## WHAT IS EXPECTED
Exactly the lines from the one containing "Stepping into your" through the final line of the data are to be written out again, with nothing added.

## STUDY MATERIAL
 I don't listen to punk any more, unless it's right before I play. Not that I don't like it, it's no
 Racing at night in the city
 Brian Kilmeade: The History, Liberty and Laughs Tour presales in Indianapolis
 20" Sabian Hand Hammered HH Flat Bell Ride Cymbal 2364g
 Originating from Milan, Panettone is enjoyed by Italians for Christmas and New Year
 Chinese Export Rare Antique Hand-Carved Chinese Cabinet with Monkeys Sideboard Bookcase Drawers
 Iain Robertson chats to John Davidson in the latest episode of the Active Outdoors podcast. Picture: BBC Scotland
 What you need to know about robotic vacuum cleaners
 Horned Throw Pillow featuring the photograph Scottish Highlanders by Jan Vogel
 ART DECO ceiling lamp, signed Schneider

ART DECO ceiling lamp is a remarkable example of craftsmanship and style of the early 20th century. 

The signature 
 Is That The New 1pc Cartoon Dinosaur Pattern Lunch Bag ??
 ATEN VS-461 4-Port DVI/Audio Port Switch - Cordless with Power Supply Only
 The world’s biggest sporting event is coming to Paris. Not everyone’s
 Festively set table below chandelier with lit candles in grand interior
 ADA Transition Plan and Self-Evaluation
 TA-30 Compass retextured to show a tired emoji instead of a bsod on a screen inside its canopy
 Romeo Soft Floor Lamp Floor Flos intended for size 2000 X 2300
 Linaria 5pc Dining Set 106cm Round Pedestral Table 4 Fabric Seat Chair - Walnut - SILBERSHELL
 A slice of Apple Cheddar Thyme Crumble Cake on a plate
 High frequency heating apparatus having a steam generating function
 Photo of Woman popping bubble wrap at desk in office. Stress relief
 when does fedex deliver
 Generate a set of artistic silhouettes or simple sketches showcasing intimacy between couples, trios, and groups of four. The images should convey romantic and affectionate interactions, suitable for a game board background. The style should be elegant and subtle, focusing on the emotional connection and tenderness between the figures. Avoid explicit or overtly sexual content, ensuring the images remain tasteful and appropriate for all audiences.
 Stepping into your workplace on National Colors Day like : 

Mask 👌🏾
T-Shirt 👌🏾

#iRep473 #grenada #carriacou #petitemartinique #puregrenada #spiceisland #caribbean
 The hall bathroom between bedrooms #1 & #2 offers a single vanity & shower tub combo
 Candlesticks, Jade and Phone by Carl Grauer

## RESPONSE TO THE EXERCISE
 Stepping into your workplace on National Colors Day like : 

Mask 👌🏾
T-Shirt 👌🏾

#iRep473 #grenada #carriacou #petitemartinique #puregrenada #spiceisland #caribbean
 The hall bathroom between bedrooms #1 & #2 offers a single vanity & shower tub combo
 Candlesticks, Jade and Phone by Carl Grauer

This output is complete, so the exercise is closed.